Task statement:
Using the data below, reproduce exactly the lines from the line with "arktischer Sommer atmungsaktive" to the line with "黑色美妆护肤网站源码 织梦dedecms模板 [自适应手机版]", both included; pictures must be dropped.

Materials provided:
^^^^^^^^^^^^^^^^

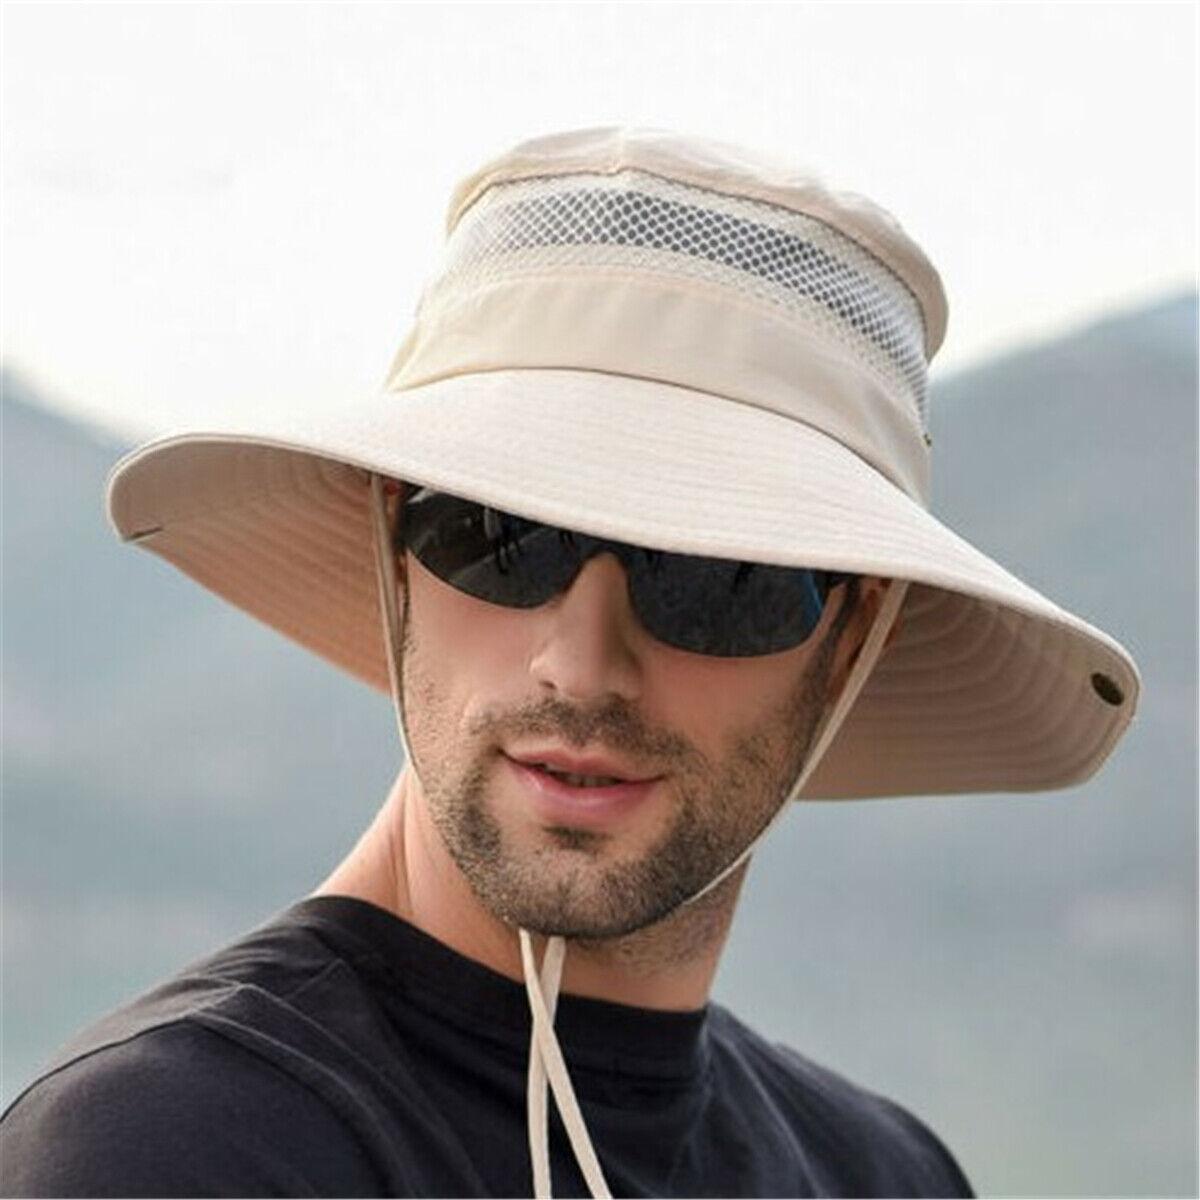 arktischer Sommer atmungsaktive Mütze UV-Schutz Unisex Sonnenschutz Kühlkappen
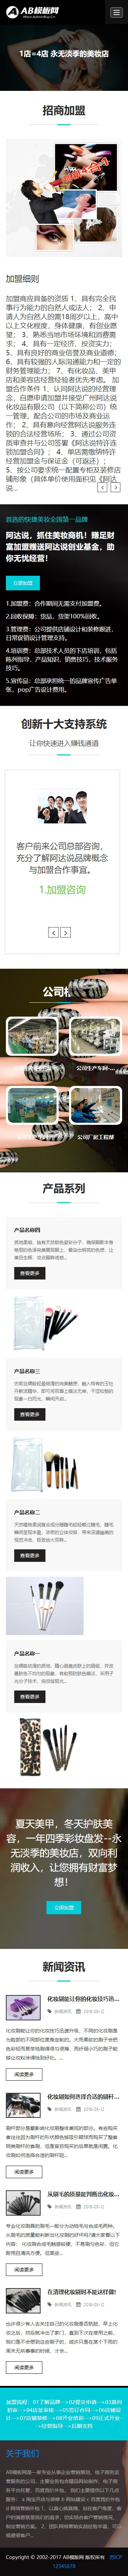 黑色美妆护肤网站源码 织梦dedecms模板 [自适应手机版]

^^^^^^^^^^^^^^^^

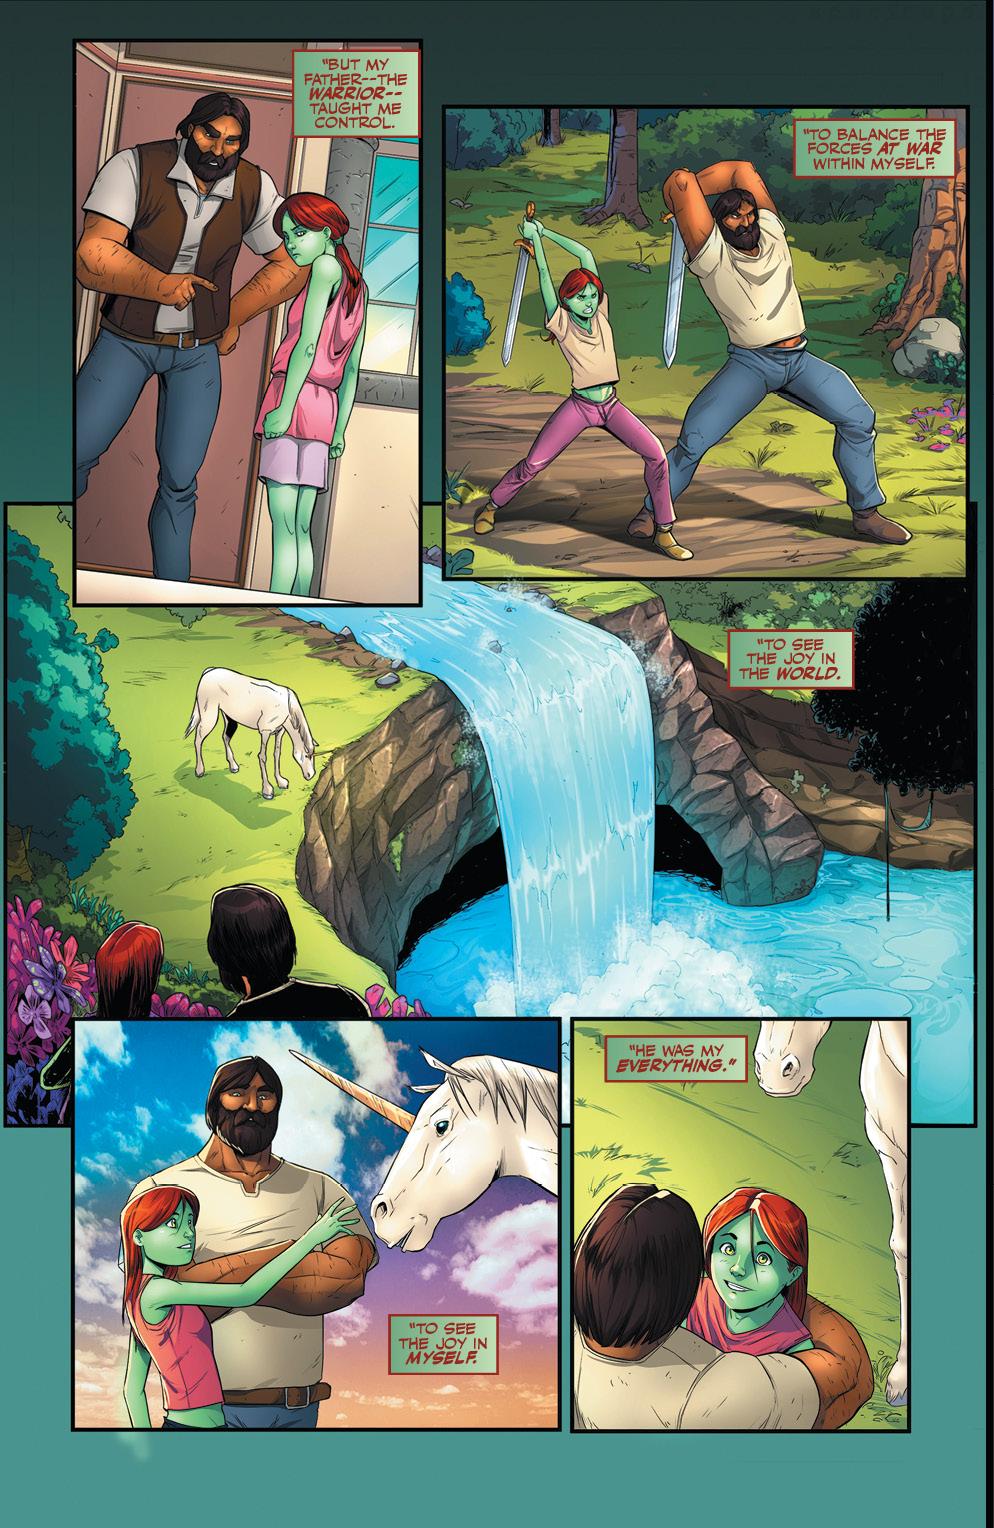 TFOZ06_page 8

^^^^^^^^^^^^^^^^

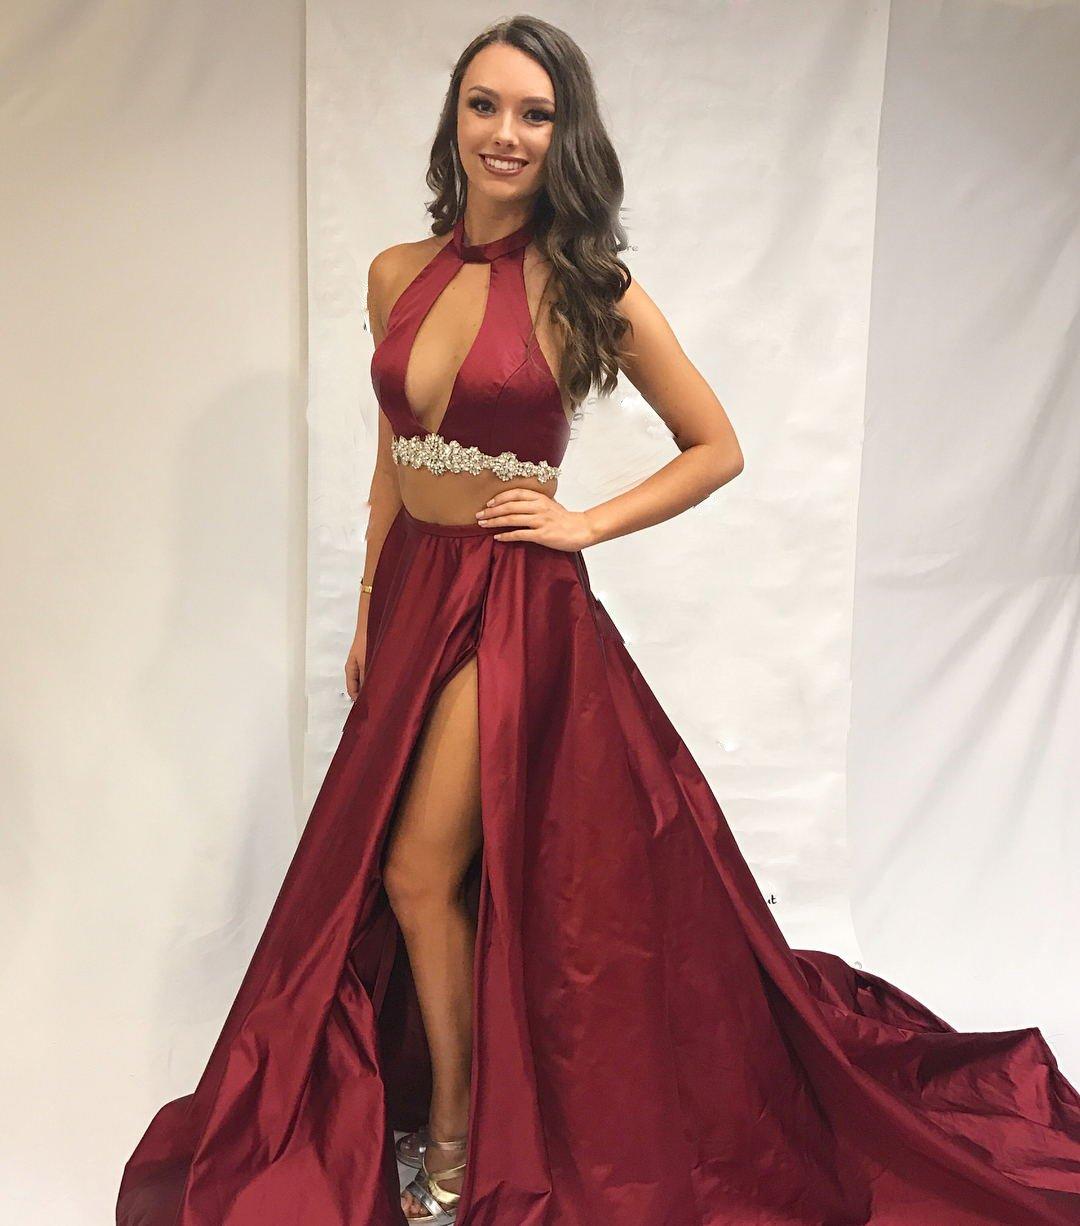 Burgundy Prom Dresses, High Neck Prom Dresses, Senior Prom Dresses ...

^^^^^^^^^^^^^^^^

Response area:
 arktischer Sommer atmungsaktive Mütze UV-Schutz Unisex Sonnenschutz Kühlkappen
 黑色美妆护肤网站源码 织梦dedecms模板 [自适应手机版]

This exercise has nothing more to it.